‘Extra’ by Yiyun Li

As a nervous student of creative writing, I stumbled upon a conversation in Aysmptote between Claire Wigfall and Yiyun Li, both of whose stories I came to love. In that conversation, Yiyun Li discusses her literary relationship with William Trevor and the ways in which her stories form dialogues with his. This kind of writerly kinship seemed so liberating and hopeful to me. Almost all the stories I’ve written attempt a dialogue with another literary object. Among these is ‘Extra’, a particularly quiet and affecting example of Li’s work.

First published in The New Yorker, 2003. Read online

‘Last Night’, by James Salter

A spooky, sexy, not-quite ghost story, this one exemplifies many of the literary features traditionally associated with short fiction, particularly in terms of what it is that makes a good ending. For me, the tingliest moments of it come through the almost-whispered details: ‘They sat together in the living room as if they had come from a big party but were not quite ready for bed.

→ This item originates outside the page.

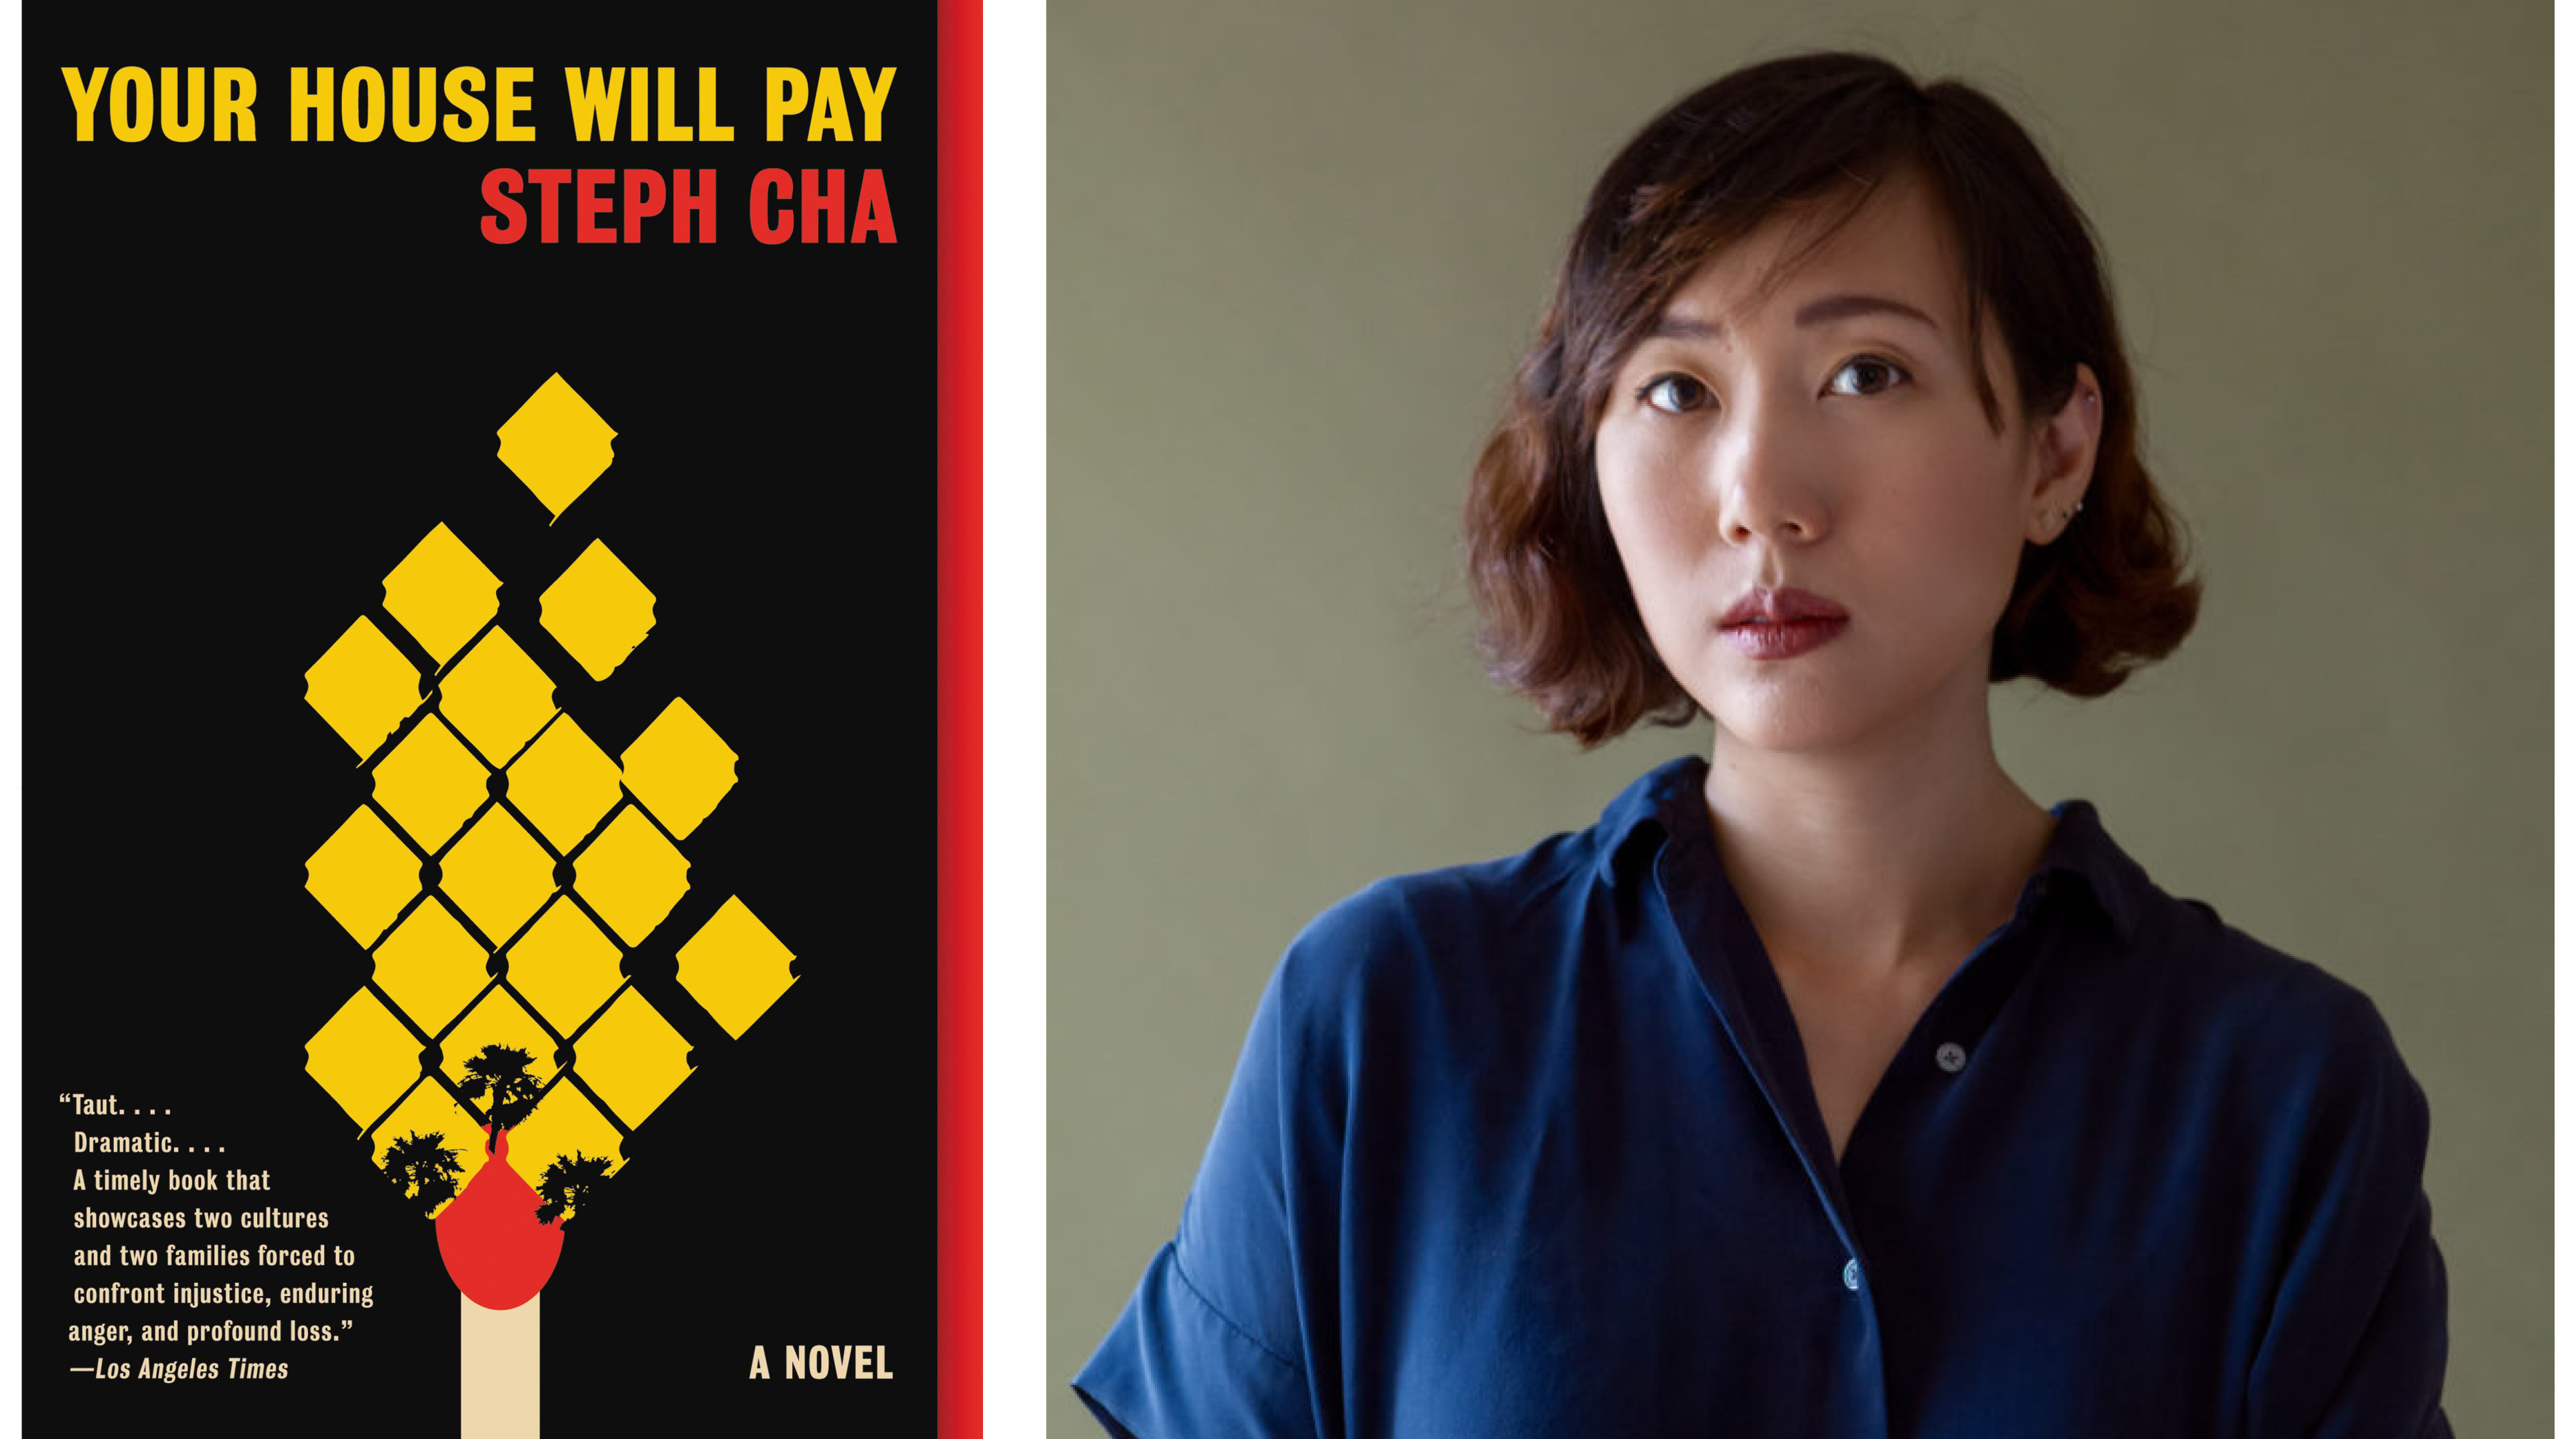 Steph Cha, author of Your House Will Pay
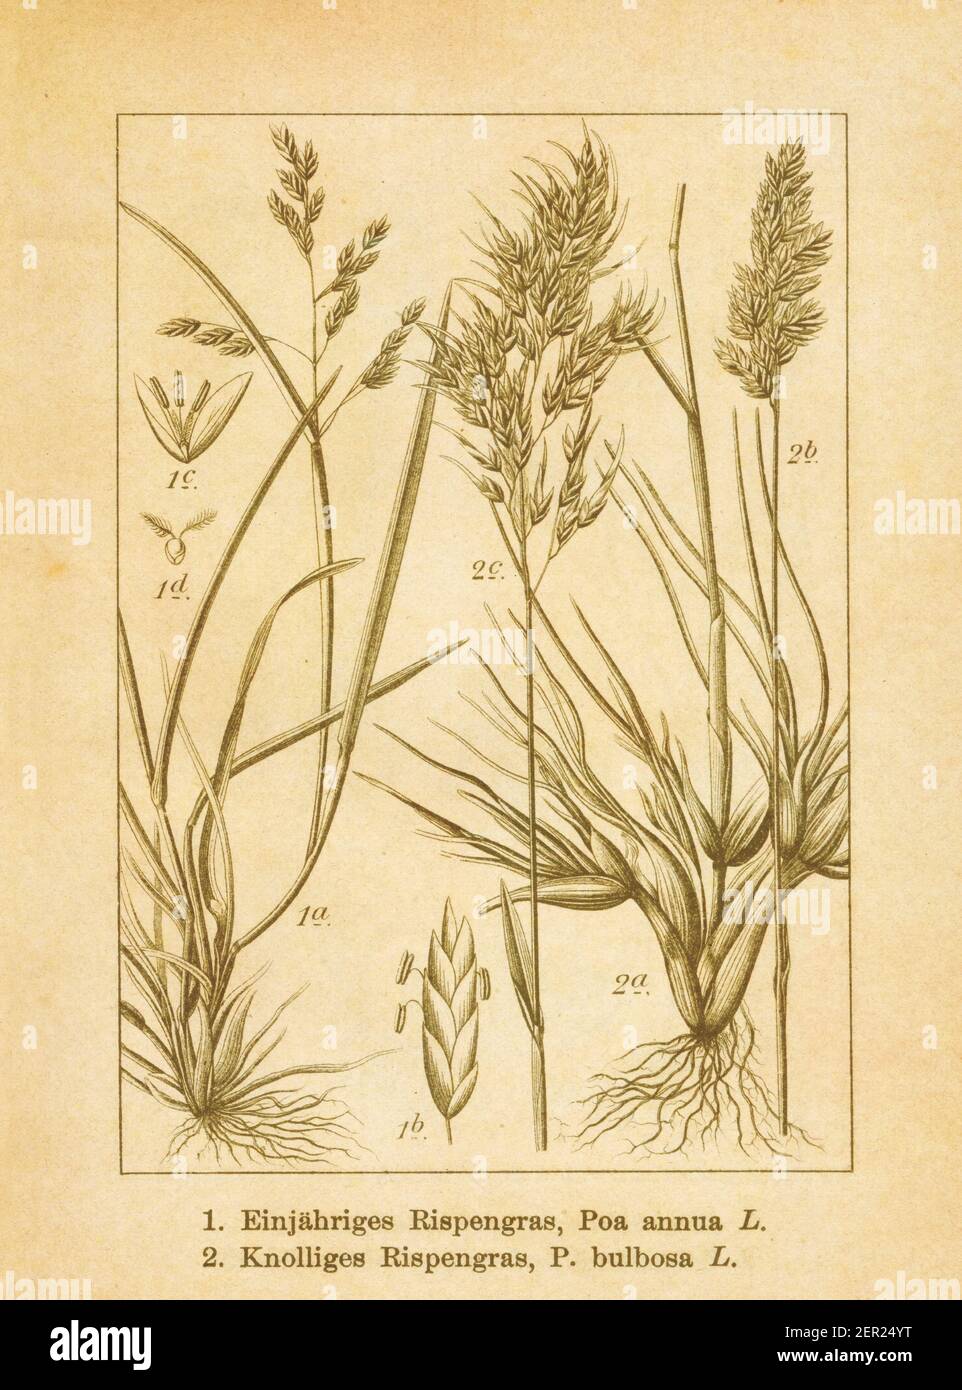 Antique illustration of poa annua (also known as annual bluegrass or annual meadow grass) and poa bulbosa (also known as bulbous bluegrass). Engraved Stock Photo

Walter was thinking of what lay ahead, the light that would come on in the refrigerator when the door was opened.’ It’s a story I’d like someone to read to me in a darkened room.

First published in The New Yorker, 2002 and collected in Last Night: Stories (Picador) Read online.

‘Helen’ by Can Xue, translated by Karen Gernant and Chen Zeping

This translation was first published in Conjunctions: 40, 2003

Can Xue’s fiction has much in common with Kafka’s: there’s a flat, dreamlike quality, and a sense of vast imaginative possibility, even within systems of impenetrable illogic. One of her stories begins: ‘My mother has melted into a basin of soap bubbles.’ ‘Helin’ is about a girl made to live in a glass cabinet. Expect permeable realities, impermeable truths, exuberance and humour, all washed down with illiberal quantities of exclamation marks. Not for everyone, but if Freud had read this instead of Shakespeare and Sophocles, pop culture would be adrift with mother-bubble complexes and glass cabinet syndromes, such is the archetypal heft of Can Xue’s ideas.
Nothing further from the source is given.